My partner and I have reached a quandary and wanted to reach out to the expat community before I toss the towel in.

We have submitted all the paperwork for get the residency visa to the Washington DC location. They have been fantastic so far. It all looks good because we sent a very healthy portfolio thinking they would approve faster, probably not but it doesn’t hurt to try. Now the quandary. The Portuguese consulate said that the SEF changed the policy recently regarding accommodations. My intentions were to stay at the Lisbon Marriott for two weeks initially until we get our apartment. The reason we are dragging our feet is that we are not sure of the neighbourhood until we actually see it and I don’t want to pay in advance and commit to a six month lease with all of the deposits, commissions etc. I had some very bad experiences in Buenos Aires a few years ago with a kindergarten next door and one with a very active drummer directly above us. I had rented on-line and the real estate agent conveniently forgot to tell me.

SEF now requires either a 6 month lease, a home purchase (but that would be the Golden Visa which I am not interested) or a letter from friends saying that we would be staying with them. I know it is a lot to ask someone but I thought I would give it a shot. Is there anyone that would be will to provide a letter for us so we can continue our visa processing? Now a little about us. We are a gay couple of 26 years with a little recue cat from Mexico. We are both Americans and both retired, 64 and 58. We currently live in the San Diego area and go back and forth to our Mexico house near Rosarito.

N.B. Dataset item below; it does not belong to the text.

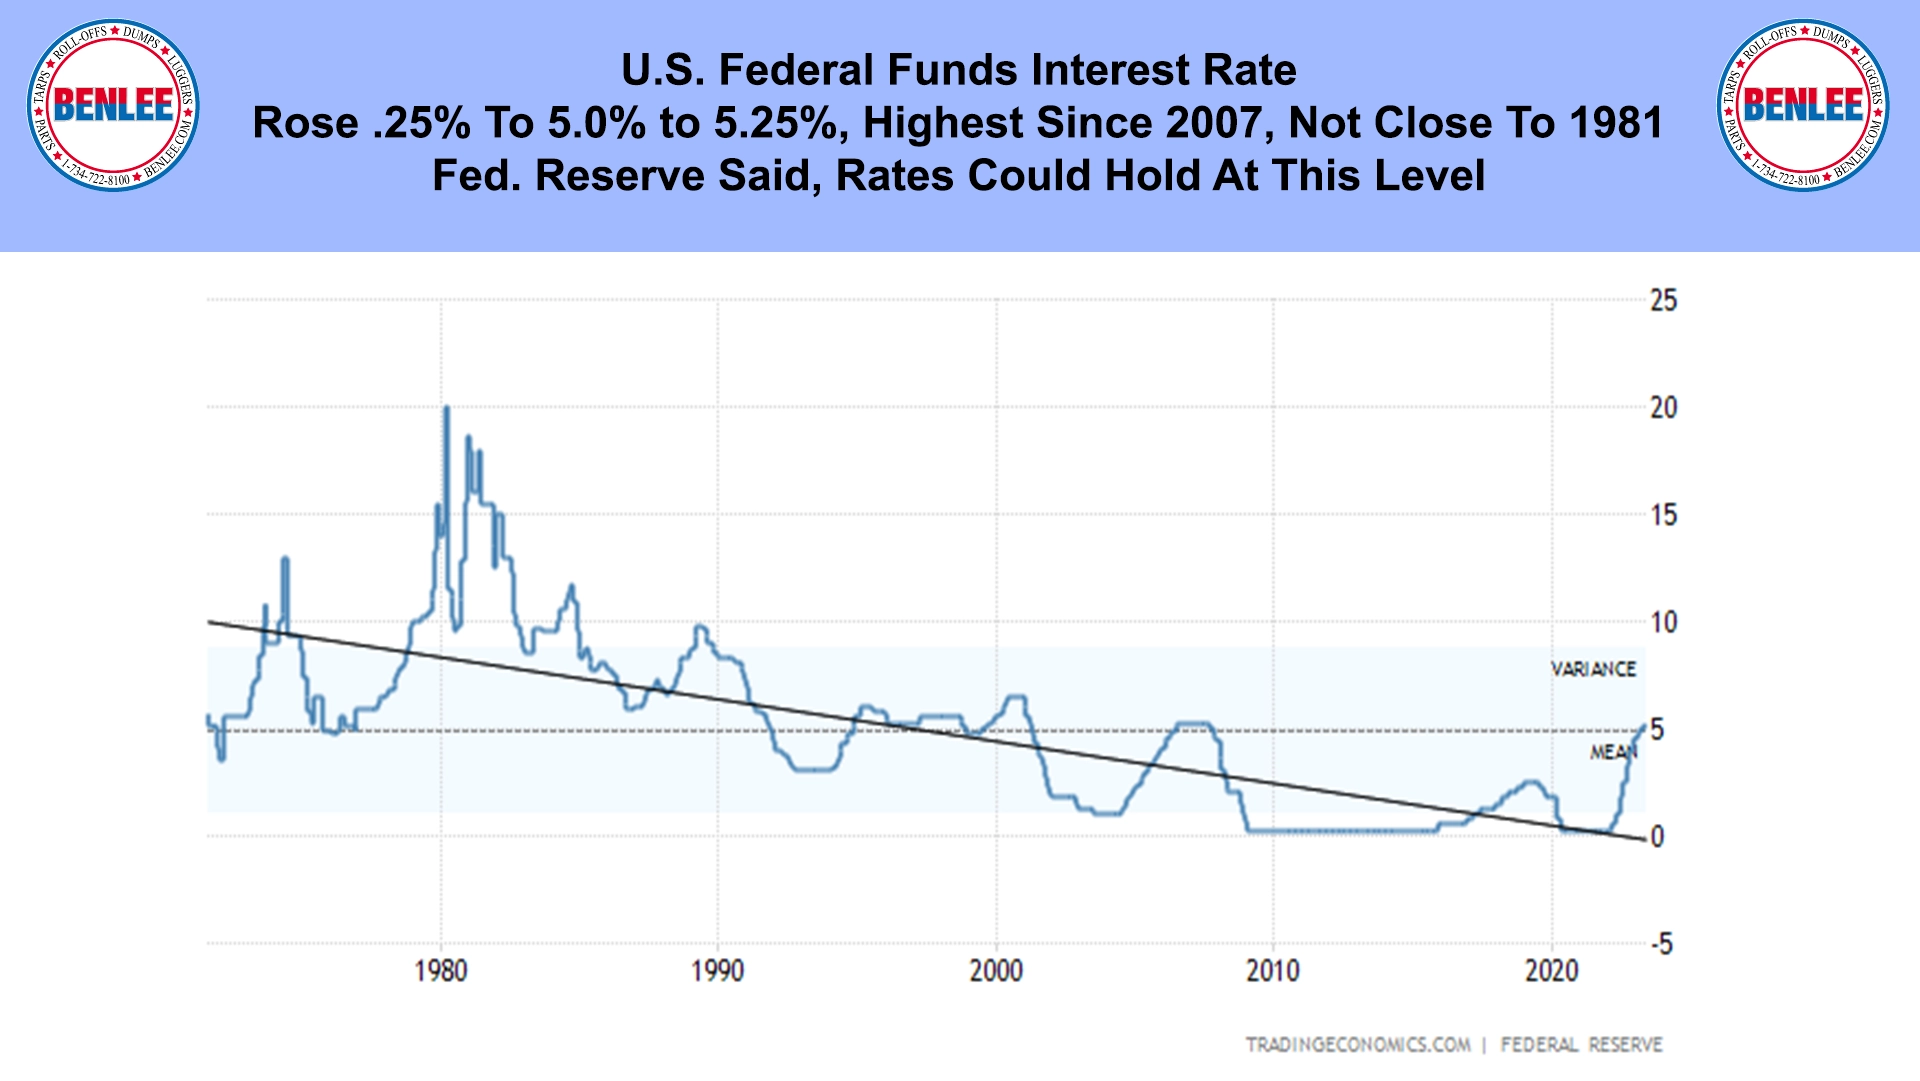 U.S. Federal Funds Interest Rate

If anyone could open their hearts to do this I would be greatly appreciative as we were looking forward to making Portugal our new home.

If you wanted to Skype so you can see that we are who we say we are that would be great. It would be a way to meet new friends.

Thank you everyone. Hope everyone in the expat community has a very festive holiday season.

Michael and Edgar


----------



## smudges (May 2, 2013)

Why not rent Travelling Man's apartment? It's not in Lisbon, but I bet it's a lot quieter than the city plus I'm pretty sure he won't screw you over.


----------



## travelling-man (Jun 17, 2011)

We might be able to help & feel free to send me a PM or look at the website in the link below this post & use the contact us function......... I can guarantee no near neighbours of any kind but you will get the 0830 hours duck & goose wake up call in the mornings! 

But as Smudges says, we're in the central zone not in Lisbon.


----------



## cruizes (Oct 9, 2011)

It looks very beautiful but I think initially it would be a little too quiet for us. Of course after a few months in the Lisbon or Porto I probably would welcome a move to this charming and quaint area.


----------



## travelling-man (Jun 17, 2011)

I fully understand & good luck with finding what you need.


----------



## Naaling (Apr 9, 2015)

cruizes said:


> It looks very beautiful but I think initially it would be a little too quiet for us. Of course after a few months in the Lisbon or Porto I probably would welcome a move to this charming and quaint area.


I'm not trying to be rude. I simply don't understand.
What is more important? Getting the visa or where you spend your first 6 months in Portugal.


----------